What’s in a name? AKA, what makes this “Operation Warp Speed”?
The name “Operation Warp Speed,” has left many with the impression that a vaccine will be fast tracked and appropriate safety measures will be skipped. Biologist Preston Estep explains that “Operation Warp Speed” is not changing any of the trial processes or necessary safety measures for testing a new vaccine; instead, it is removing the financial hurdles to vaccine production. In “Operation Warp Speed,” the U.S. federal government is investing hundreds of millions of dollars into the trials to ensure the trials can happen (as cited in Sleiman, 2020). Remember earlier when I mentioned that SARS and MERS vaccines never made it to large scale clinical trials because they weren’t deemed to be worth the financial risk? That’s not happening now. Also, the HHS (2020) tells us that with the federal government financing and managing the trials for multiple vaccines, all clinical trial protocols can be aligned to better compare results.
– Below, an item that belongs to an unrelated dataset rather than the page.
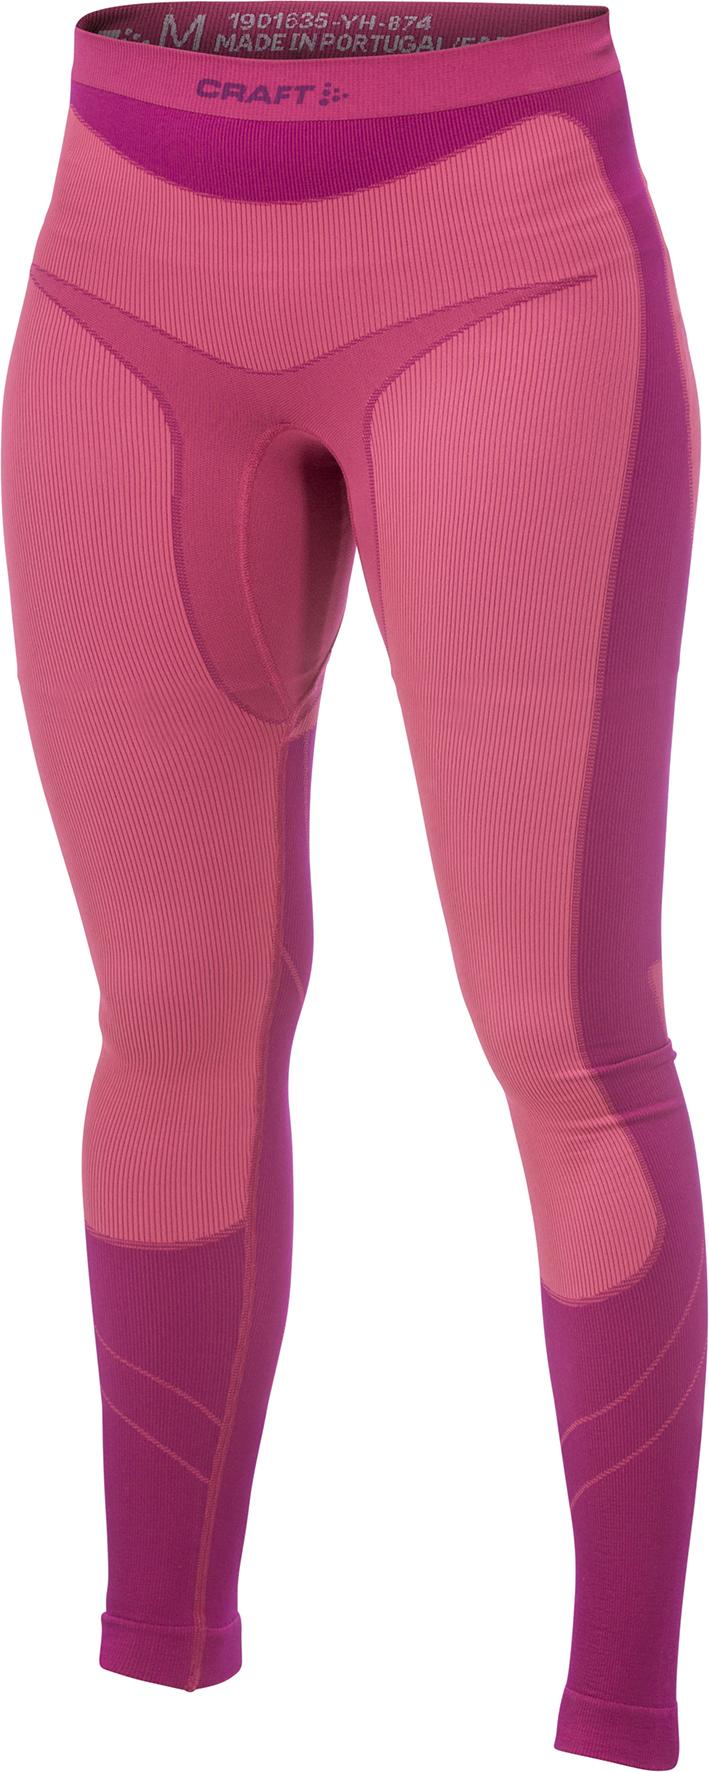 Женское термобелье рейтузы Craft Warm Pink (1901635-2465)

This also allows the government to pre-order doses and begin to prepare for production and distribution while the vaccines are still in the trial phase so it’s ready to go if a candidate is approved.
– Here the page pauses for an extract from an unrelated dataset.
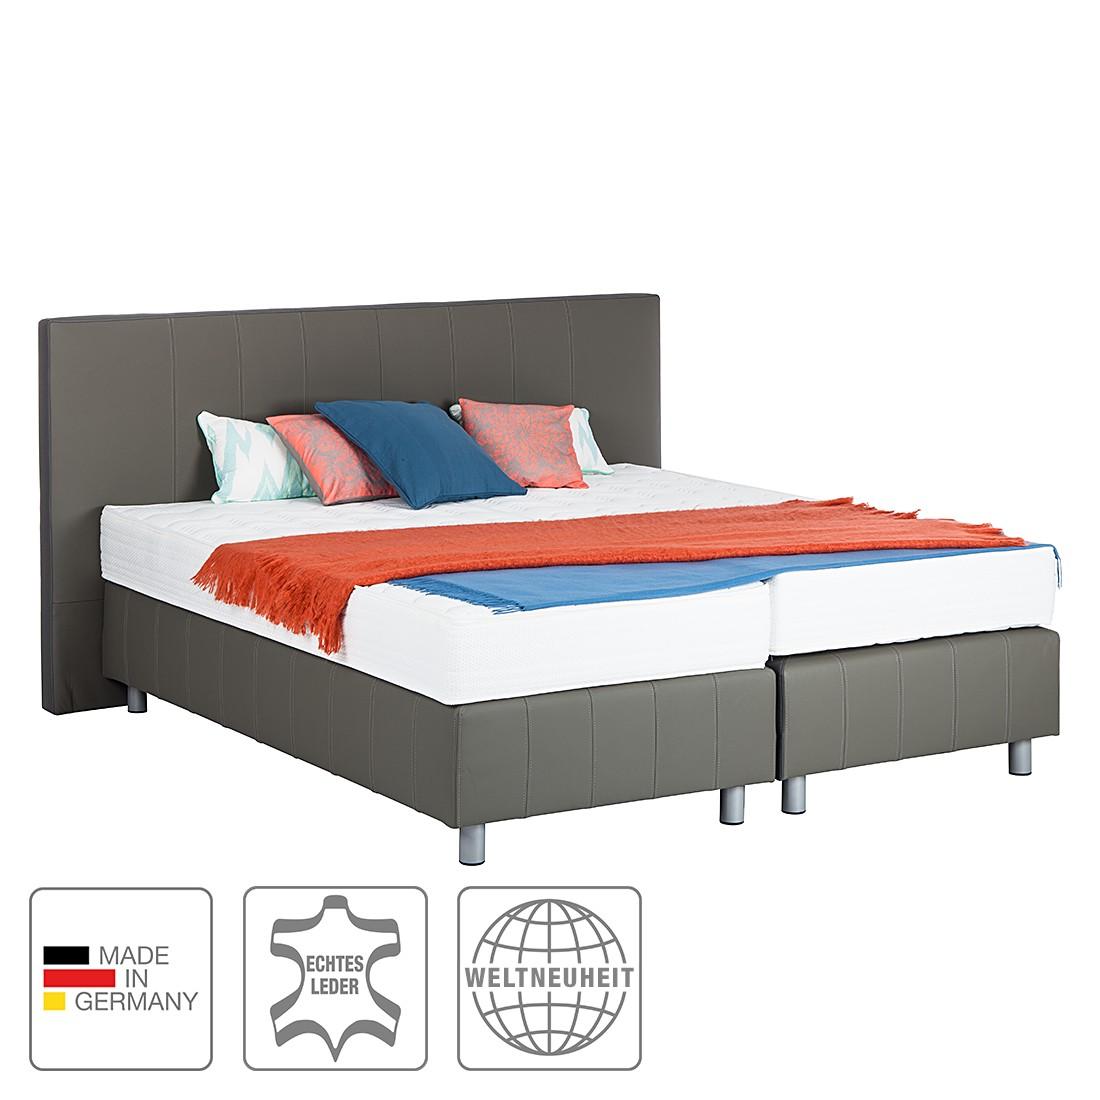 Boxspringbett Atlanta (Echtleder) - Ohne Topper - 180 x 200cm - H2 bis 80 kg - Grau, Art of Sleep

But the trials were paused, so the vaccines are unsafe. Right?
Moderna, Johnson & Johnson, and AstraZeneca briefly paused their phase three clinical trials after a small number of participants experienced adverse reactions. These pauses were featured in the news as if this was something uncommon; however, it is not uncommon to pause clinical trials. Also, just because a person in a trial has an adverse reaction does not automatically mean it was caused by the vaccine, so the pause helps figure out the cause of the event.
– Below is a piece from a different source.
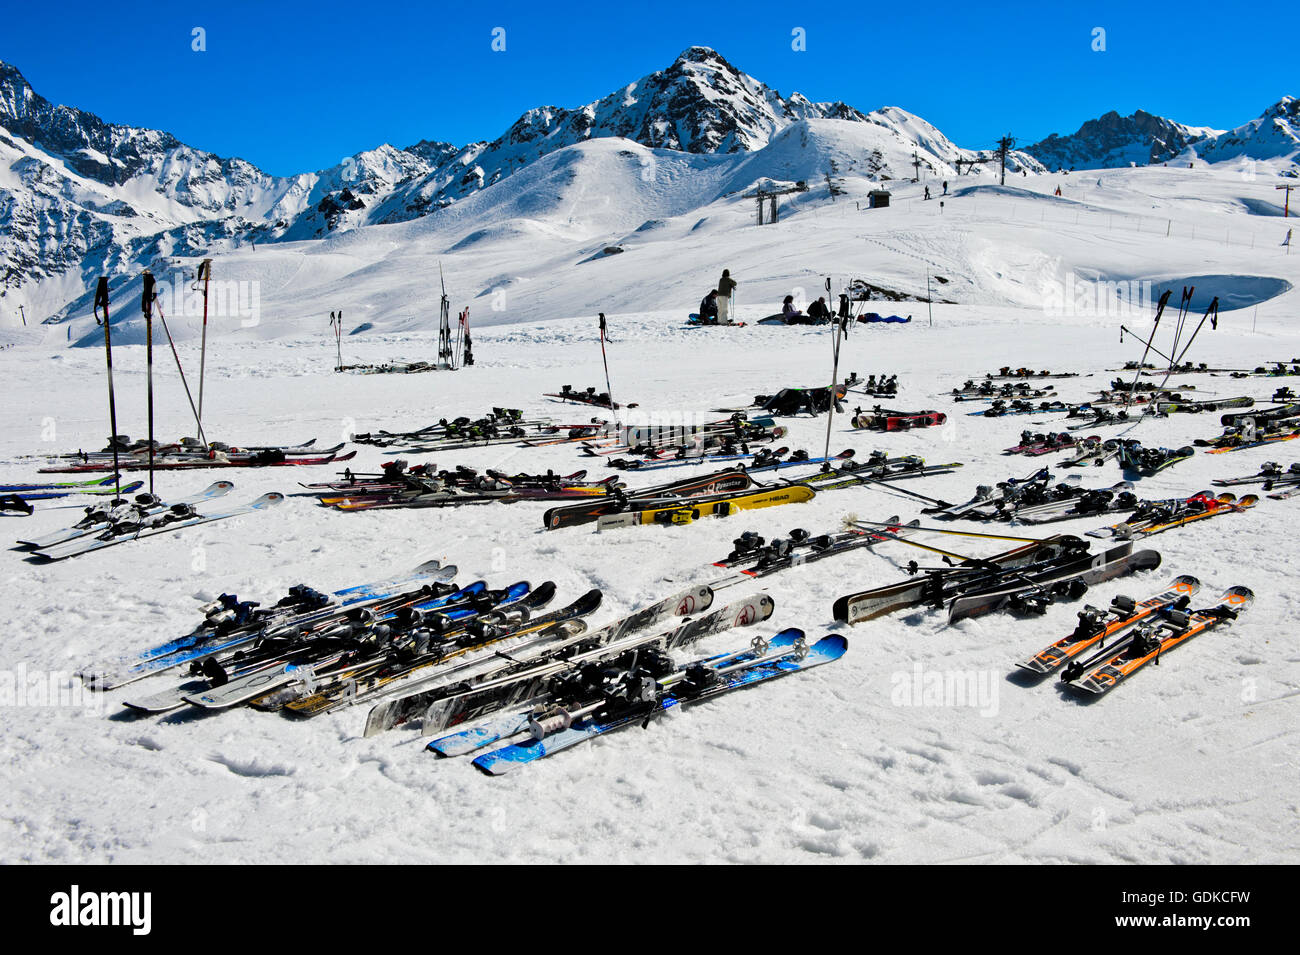 Pairs of skis lying on snow, Col du Joly, Les Contamines-Montjoie ski resort, Haute-Savoie, France - Stock Image

Bioethicist Ruth Faden explains that during the clinical trial process for any medication or vaccine, safety standards are set and the data and trials are reviewed by an independent board that ensures those standards are adhered to; these standards include the number of people with adverse reactions required to trigger a pause. In the case of AstraZeneca, the trial was paused after a single participant experienced adverse reactions, and this was in accordance with its safety guidelines. Faden also tells us that the risk-benefit calculation impacts the number of acceptable adverse reactions. With traditional medications, fighting a disease may allow for a greater number of adverse reactions because people in the trial are already sick, possibly dying, so the medication reactions may be minimal in comparison. But when you’re developing a vaccine, otherwise healthy people could get sick, and this “significantly heightens the risk-benefit calculus for the participants” (as cited in Skerrett, 2020) meaning trials may be paused when only one or a few participants experience an adverse reaction.
Hopefully this blog post has helped shed more light on what is happening with clinical trials and the vaccine safety, neither of which are influenced by politicians. This is information you can use when deciding whether to talk to your physician about the vaccine.